If you think this is a rehash of Peruta, then it appears you are the one who needs to read the Peruta opinion. What possible reason could there be to challenge every single restriction on carry, open or concealed, following a case where the court dodged the question of the right to bear arms by saying it was a concealed carry challenge? And, is the Ninth Circuit the final arbiter of the scope of the 2A?

And, if you think Nichols sufficiently corners the court, and us amateurs are making a mistake by challenging all potential outs, I am curious to hear your reasoning.

By the way, if you think we are making "big bucks" by doing these cases, you should know that we charge the NRA about half, sometimes less, my normal hourly rate. And, Chuck received an award from the NRA for donating $1 million in pro bono lawyer time, on top of the already low rate.
First, your analysis of my comments misses the mark. I did NOT say that the State Const. includes a Right to bear arms.

What I SAID was that it includes a Right to DEFEND ONESELF, PROPERTY and SAFETY! I extended that argument to one where that the St.
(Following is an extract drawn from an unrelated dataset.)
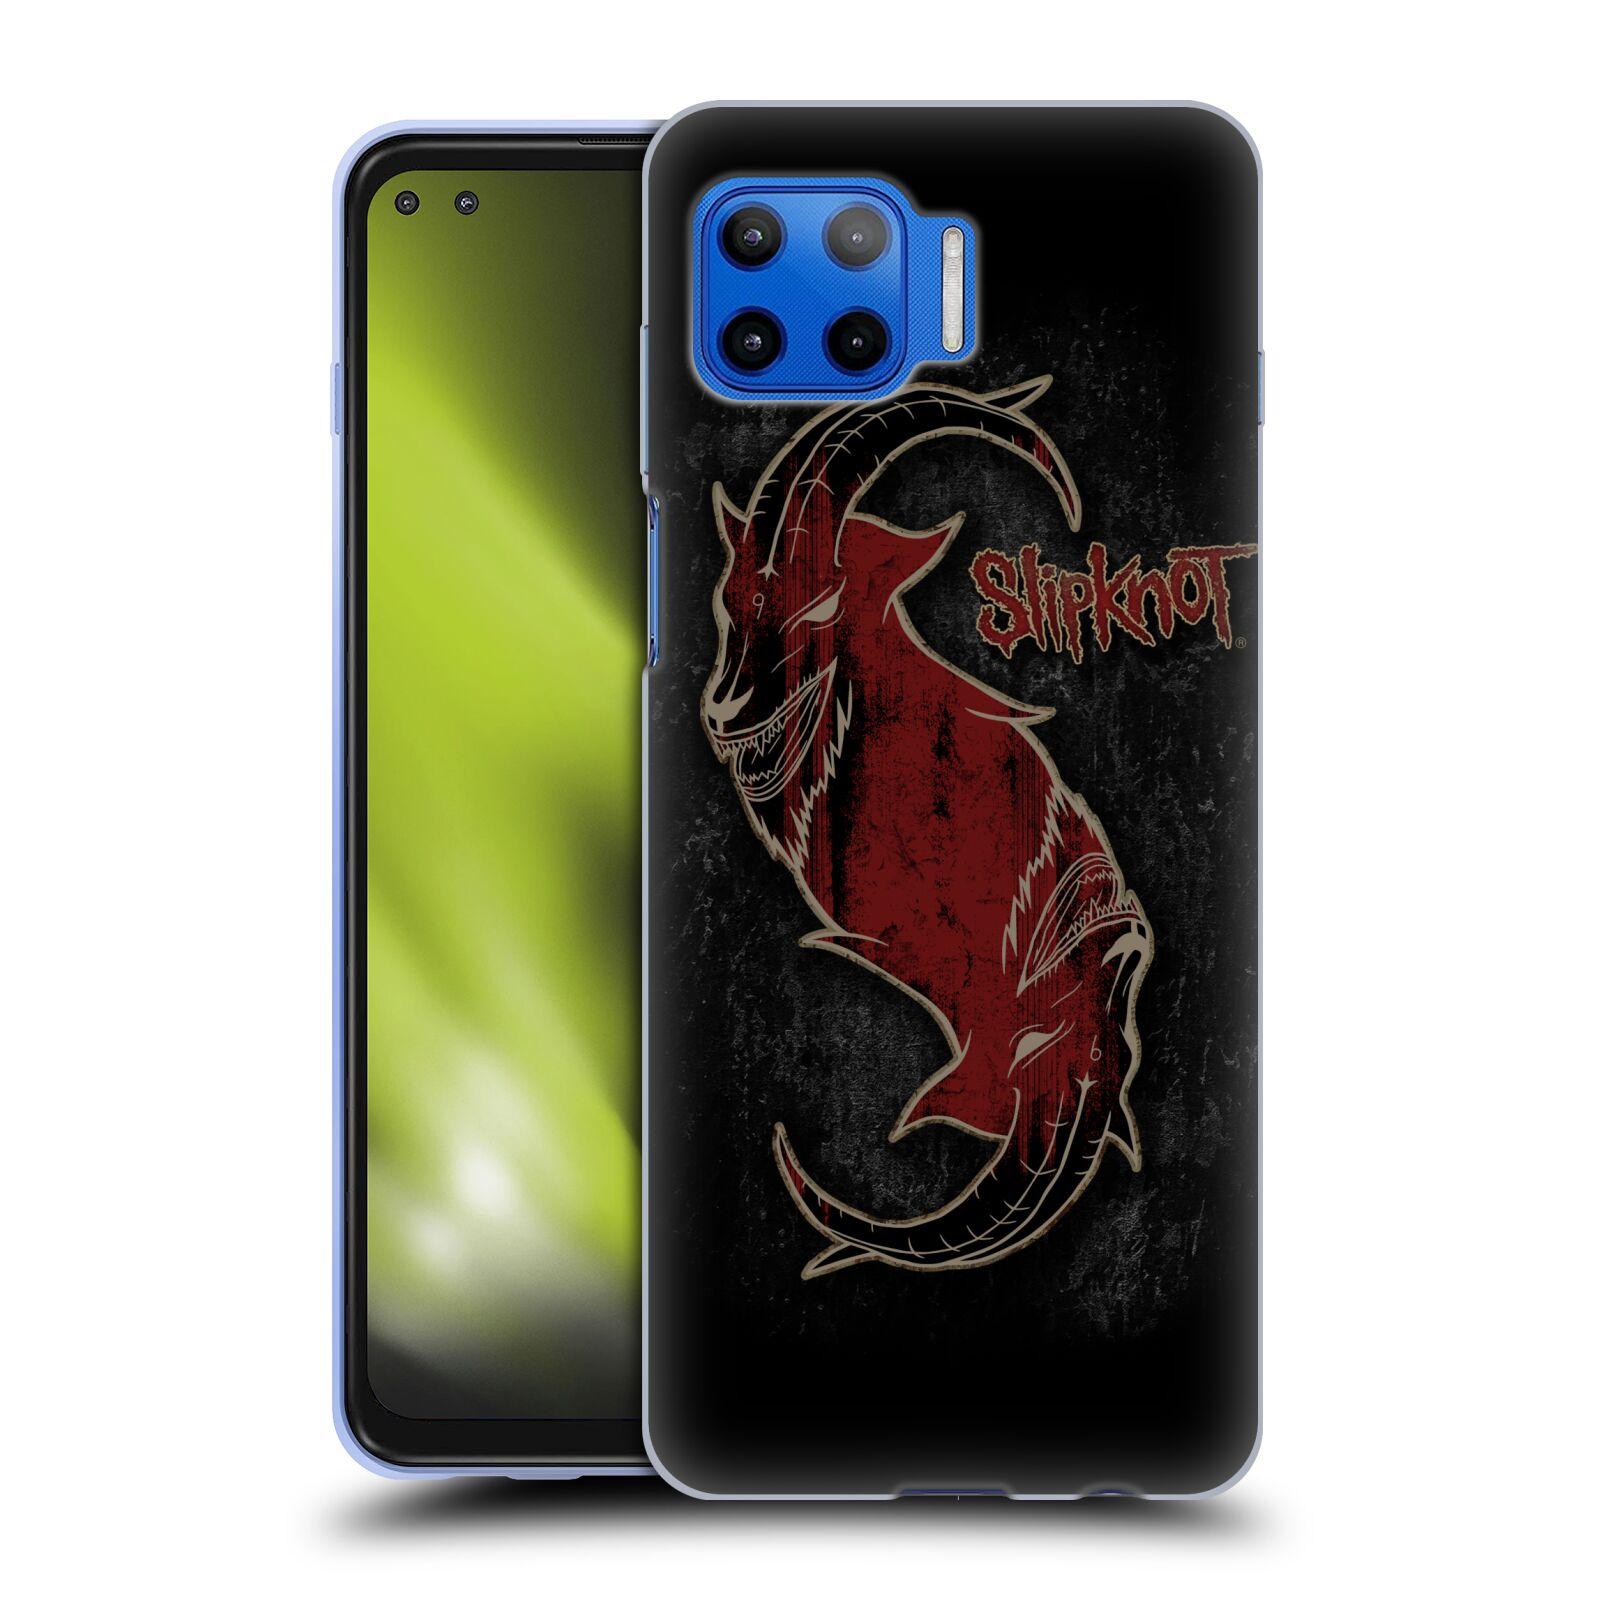 Silikonové pouzdro na mobil Motorola Moto G 5G Plus - Head Case - Slipknot - Rudý kozel

Const. includes a provision that the US Const. is the law of the land. Therefore there should be a RTKBA in order to defend oneself / property and be safe.
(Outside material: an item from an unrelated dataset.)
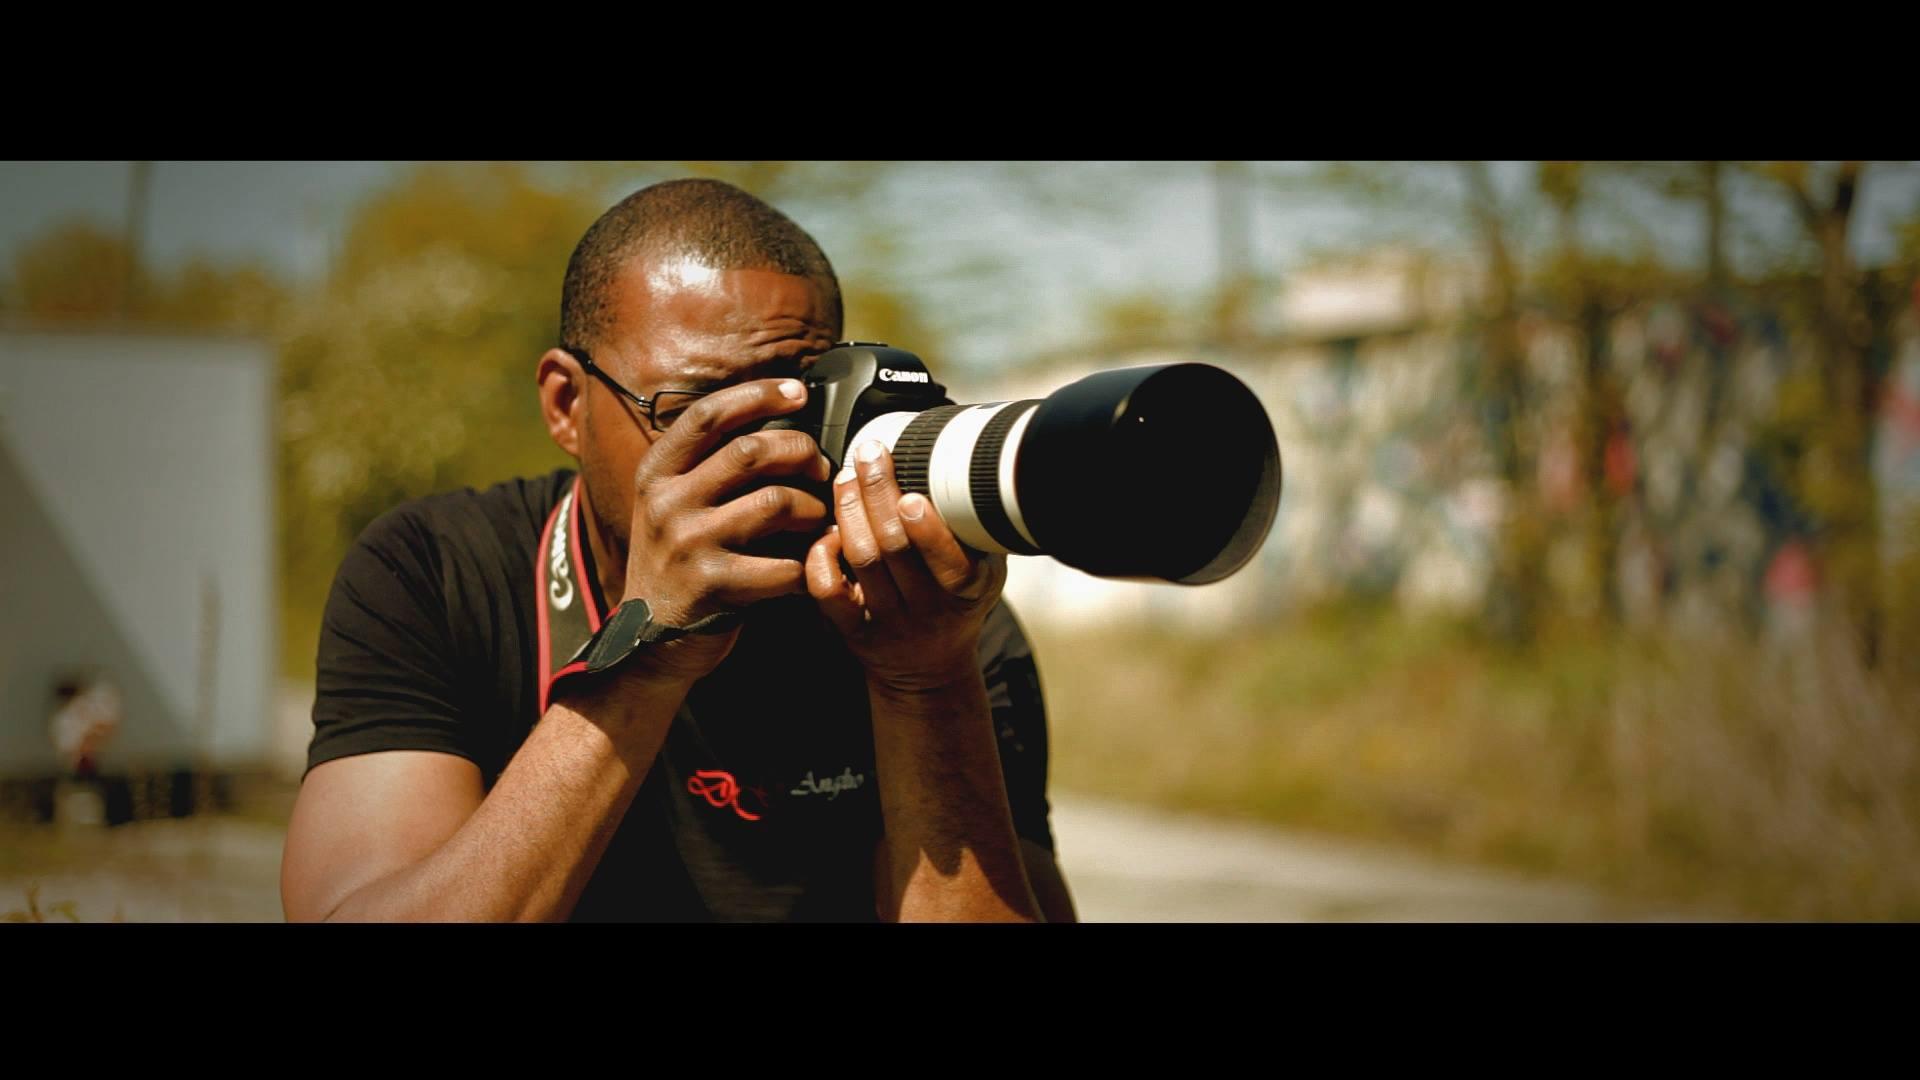 photographe professionnel dg anglio photo

How are you to do that if the State "over-regulates" the tools available to the average citizen to the point they have no ability to exercise those Rights? Is that an impermissible ban through over-regulation with police powers abrogating a Right? Does unfettered 'discretion' where no one is allowed to exercise ANY of those Rights violate the St. Const.? Is there an argument about violations of our general civil rights rather than any specific Right such as the RTKBA that could win for us? (Such as: Can unfettered discretion be used to unilaterally deny Rts contained in the Const. - does any Public servant have the discretion to deny enumerated Civil Rts in the course of their duties - is there a Constitutional limit on the exercise of official discretion in the due process clause?) Did you make any of those arguments? Oops.

Further, ALL of the cases you cite are pre-McDonald. Even Kasler. Hmm, I wonder if McDonald changes the landscape as to whether the State Const. now includes a 2A Right? Maybe, maybe not, but you DIDN'T MAKE THAT ARGUMENT! Did you? Oops again.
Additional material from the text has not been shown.